What to do:
With every picture left out, restate the listing below exactly as written.

Data section:

# # # # # # #

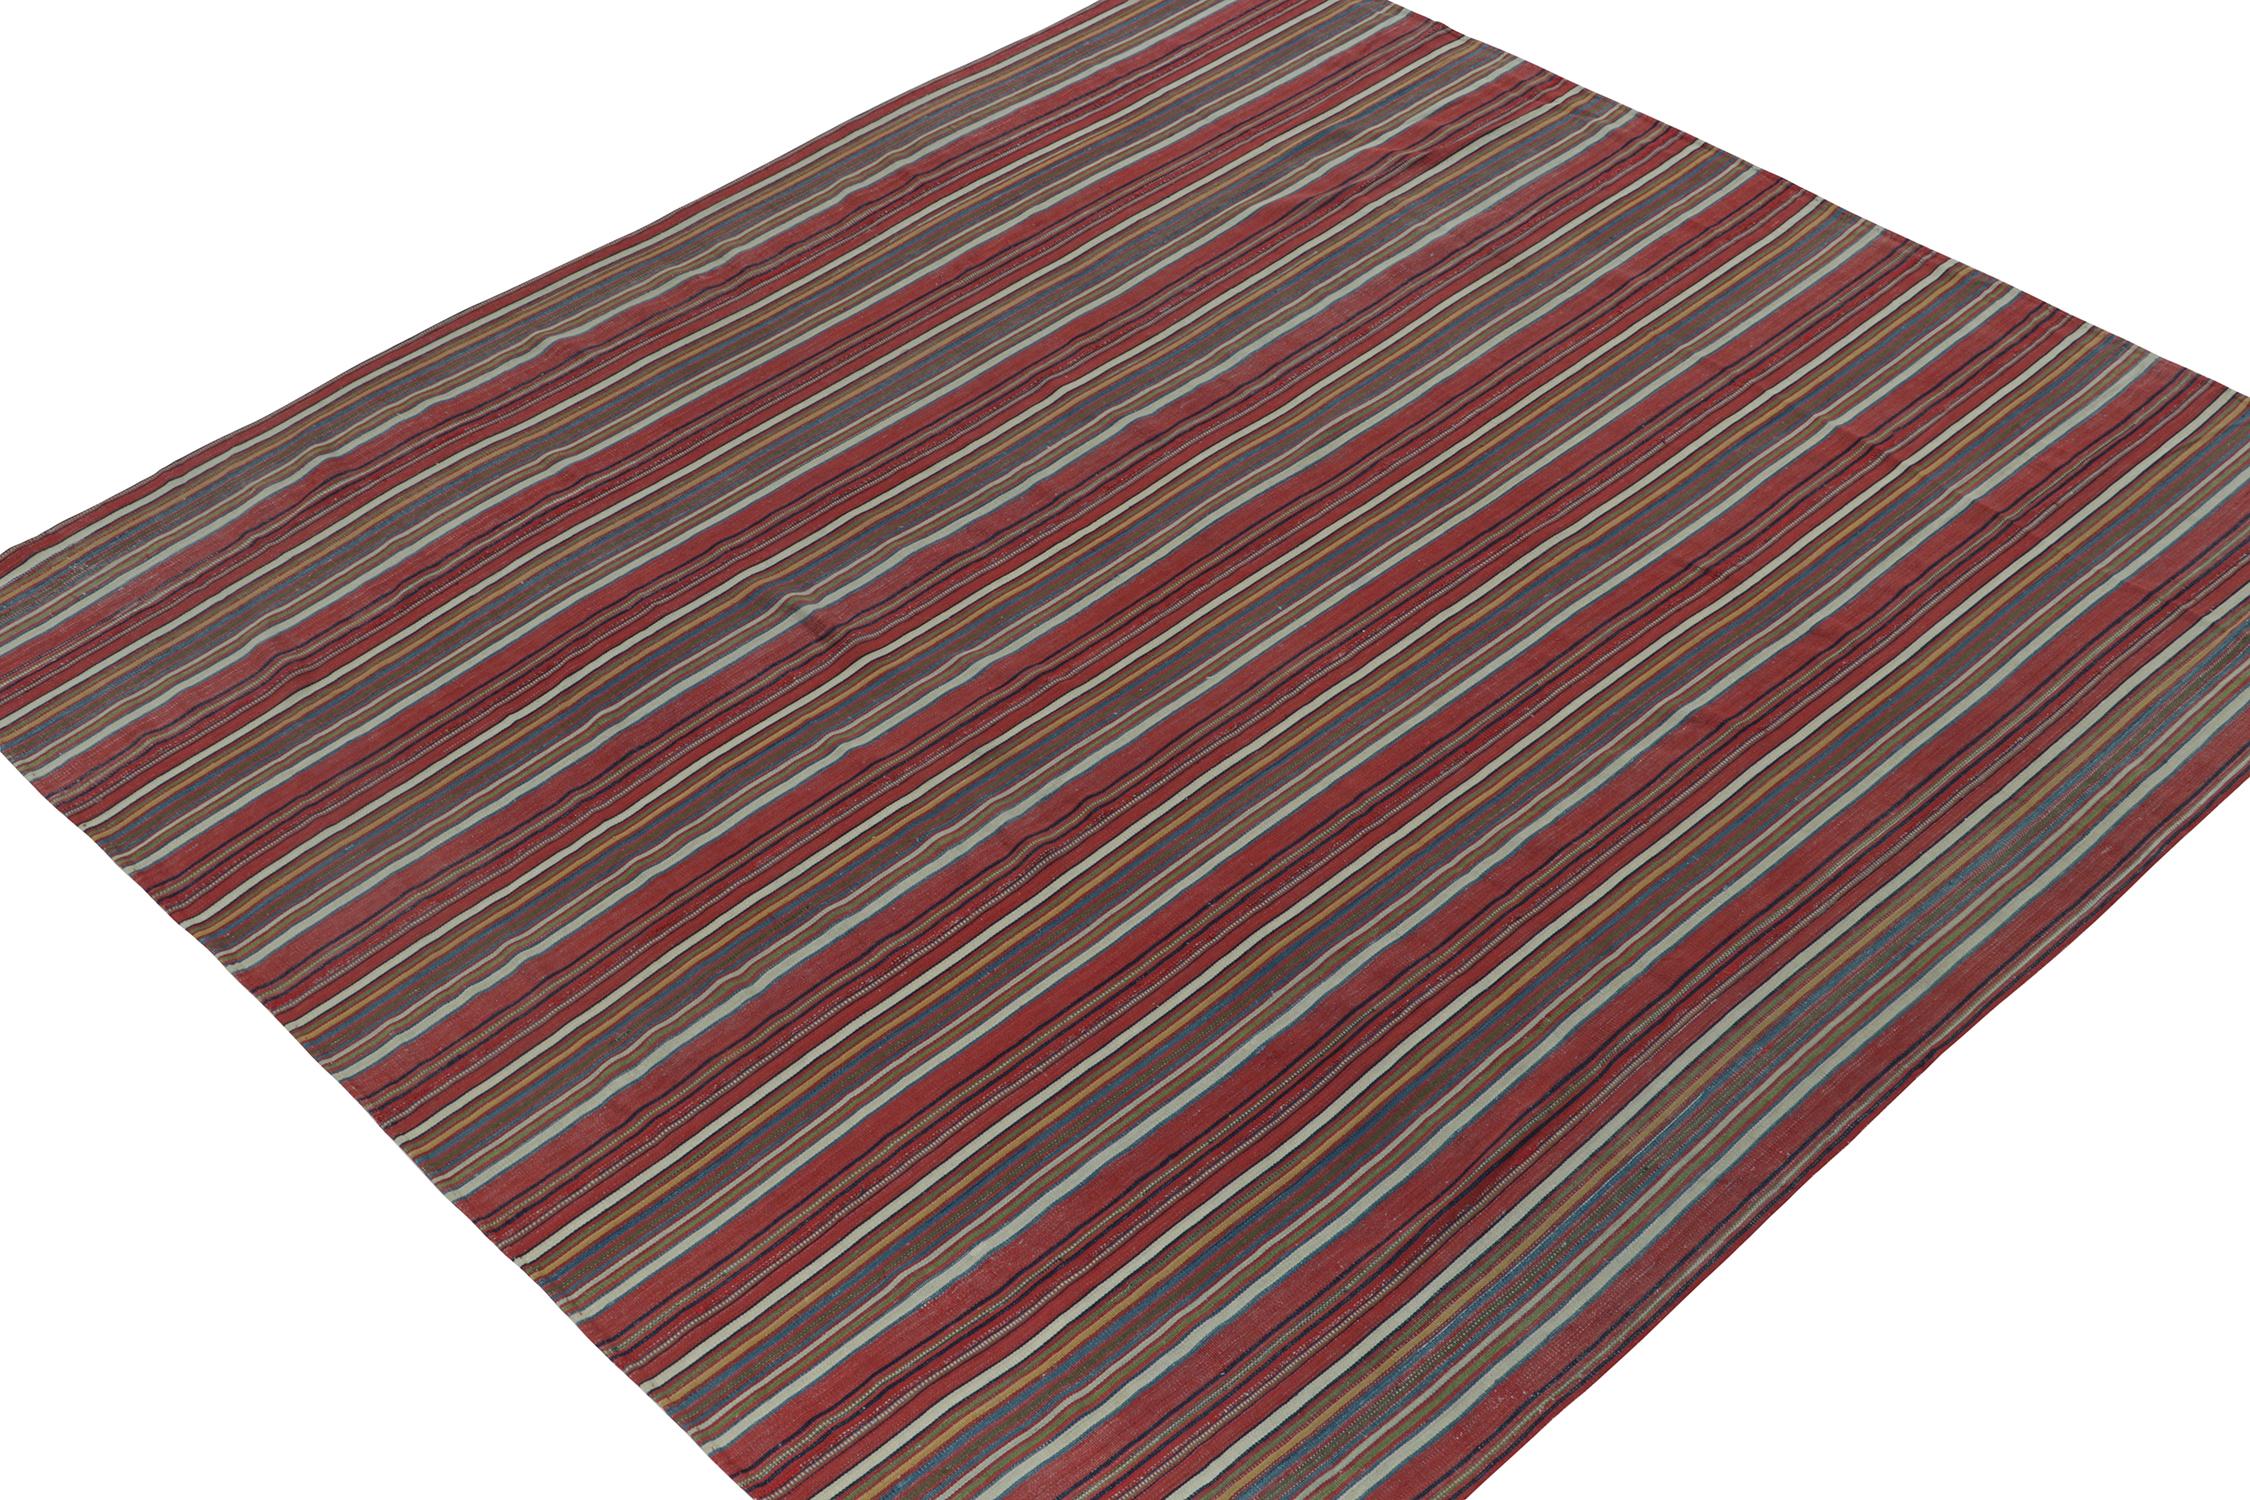 Dieser 8x8 große persische Kelim ist ein Stammes-Teppich im Paneel-Stil, handgewebt aus Wolle, ca. 1950-1960.

Weiter zum Design:

Das farbenfrohe Design bevorzugt ziegelrote Untertöne mit polychromen Streifen von leuchtender, skurriler Präsenz

# # # # # # #

Solution to this task:
 Dieser 8x8 große persische Kelim ist ein Stammes-Teppich im Paneel-Stil, handgewebt aus Wolle, ca. 1950-1960.

Weiter zum Design:

Das farbenfrohe Design bevorzugt ziegelrote Untertöne mit polychromen Streifen von leuchtender, skurriler Präsenz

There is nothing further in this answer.